И в литературе о войне, и в истории войн этот вопрос очень болезненный – где та грань правды о войне, которая отделяет патриотизм от непатриотизма.
Заострим вопрос: нужен ли для воспитания патриотизма привлекательный образ войны? Конечно, привлекательный образ мира подразумевается сам собой, – ради чего стоит идти на смерть. Но все же, – как воевать – из-под палки или умело и с осознанным азартом, – вопрос совсем не чуждый патриотическому воспитанию, и он как раз смыкается с астафьевской проблемой – чтобы не потерять веру в правду, и на войне все должно быть в определенном порядке.
А война, как ни крути, у мужчины в крови. Мальчишки играют в войну – раньше на улице, сейчас – за мониторами, с джойстиками в руках, – мальчишки бьются за победу либо в драках, либо в спорте – заменителе войны. И чем может помочь литература в деле обуздания этого либидо и сублимации его в нужные государству формы, – в частности, в интерес к военной службе, если не кадровой, то по призыву, и к той самой готовности умереть за Родину, когда она окажется в опасности.
С книгами о Великой Отечественной все ясно – это золотой фонд воспитания, – тут даже советская идеология не помешает (скорее, поможет, потому что главным там было «мы», а «За Сталина» хрущевские писатели уже и не смели поставить вслед за Родиной), но… Не можем же мы все время учиться по старым учебникам. А современные войны и книги о них – какой вклад вносят они?
3. Репортаж с переднего края
Начну с первого этажа, с книг военных наблюдателей, – людей, которые на войне были, но в ней не участвовали, не «работали». Я говорю не о вольнонаемном контингенте, а о журналистах и писателях, – продолжателях дела Симонова, Твардовского, Платонова, Эренбурга и других воинов идеологического фронта. И опять же, в отличие от той войны, здесь мой выбор чрезвычайно скуден, он сжимается до двух писателей, побывавших и написавших именно книги, а не репортажи или очерки. Это Александр Проханов и Эдуард Лимонов.
Начну с последнего, потому что его книга «СМРТ» все же не совсем художественная литература, это прерывистые заметы памяти. Может, отсюда и стиль – такой же не свой, как и война, краткий, сухой, без рефлексий и описаний. В оправдание замечу – сегодня писать о войне трудно. Как музыку сочинять. Невзначай чего-то да утянешь, – не намеренно, не злостно, а вроде сам именно так чувствуешь. Не образ, так интонацию, ритм. «Он надевает свой немецкий морской бушлат с металлическими пуговицами и садится на постель». Для полного совпадения с автором «Прощай, оружие!» нужен только один штрих – чтобы пуговицы были отличными. Впрочем, Лимонов идет дальше властителя дум шестидесятников. Он начинает резать предложения на слова. Скупо. Экономно. Точка как рамка картины, на которой одно слово. Рассматриваем, пока не выпьем все смыслы. Это величие, как может показаться. На самом же деле такая экономия мышления задана форматом книги, сборником газетных материалов – «по телефону с переднего края», – я ошибся, отнеся книгу к художественной литературе, но теперь поздно, надо закончить. Книга не столько о войне, сколько о писателе Лимонове на войне. Останкино 93-го, Приднестровье, Абхазия, Сербия... Словесные фотографии на фоне Истории. Лимонов с Караджичем, Лимонов с пистолетом, Лимонов в атаке на невидимого противника...

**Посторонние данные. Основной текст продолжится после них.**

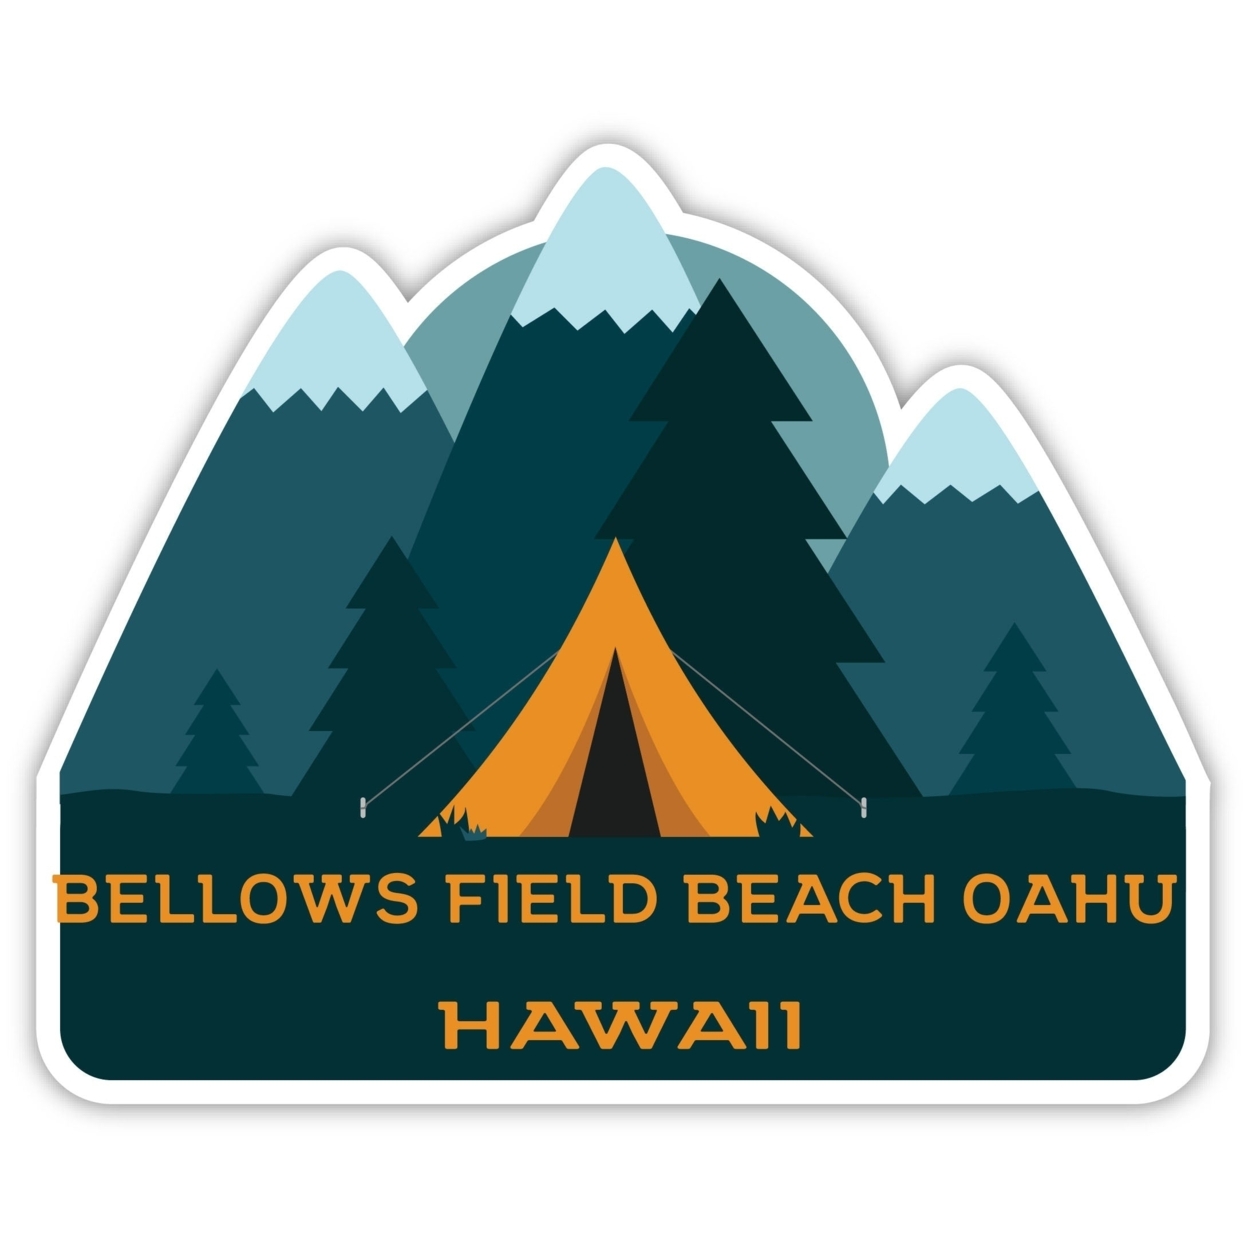 Bellows Field Beach Oahu Hawaii Souvenir Decorative Stickers (Choose Theme And Size) - Single Unit, 8-Inch, Tent

Написана книга в скуке – для галочки в графе литературной биографии – «книга о войне». Пожалуй, только в одном рассказе автор оживляется, и речь его течет более свободно, и он даже забывает про позу величия. Это рассказ «В шкуре Че», где описывается приступ бронхиальной астмы у автора во время какого-то перехода, когда он боялся стать обузой отряду. А держаться ему помогал образ астматика Че Гевары. Основная же тема книги, звучащая искренне, – зависть, которую, по мысли автора, должны испытывать к нему несчастные гражданские. Как в рассказе «La dolce vita»: «Тем из читателей, кто занят гнусной и скучной деятельностью в одном и том же офисе или трудом на одной и той же фабрике, либо на одном поле, или согнувшимся перед облезлым компьютером, стоит страшно загрустить и возненавидеть себя». Так называемые «гражданские» вызывают отвращение у «военного» Лимонова, который откосил от службы в Советской армии «по причине слабого зрения». В рассказе «Атака», где «русский писец» вместе с сербами добежал по лесу до окопов отступившего противника – и никого там не нашел, кроме двух трупов, – он восклицает: «Гражданские меня вообще возмущают своим идиотизмом. Они неповоротливы, медленно ходят, ленивы как коровы и не умны. Я много раз убеждался в их неполноценности, когда прибывал вдруг с войны в свой Paris. Как они были медлительны! Как они меня раздражали!»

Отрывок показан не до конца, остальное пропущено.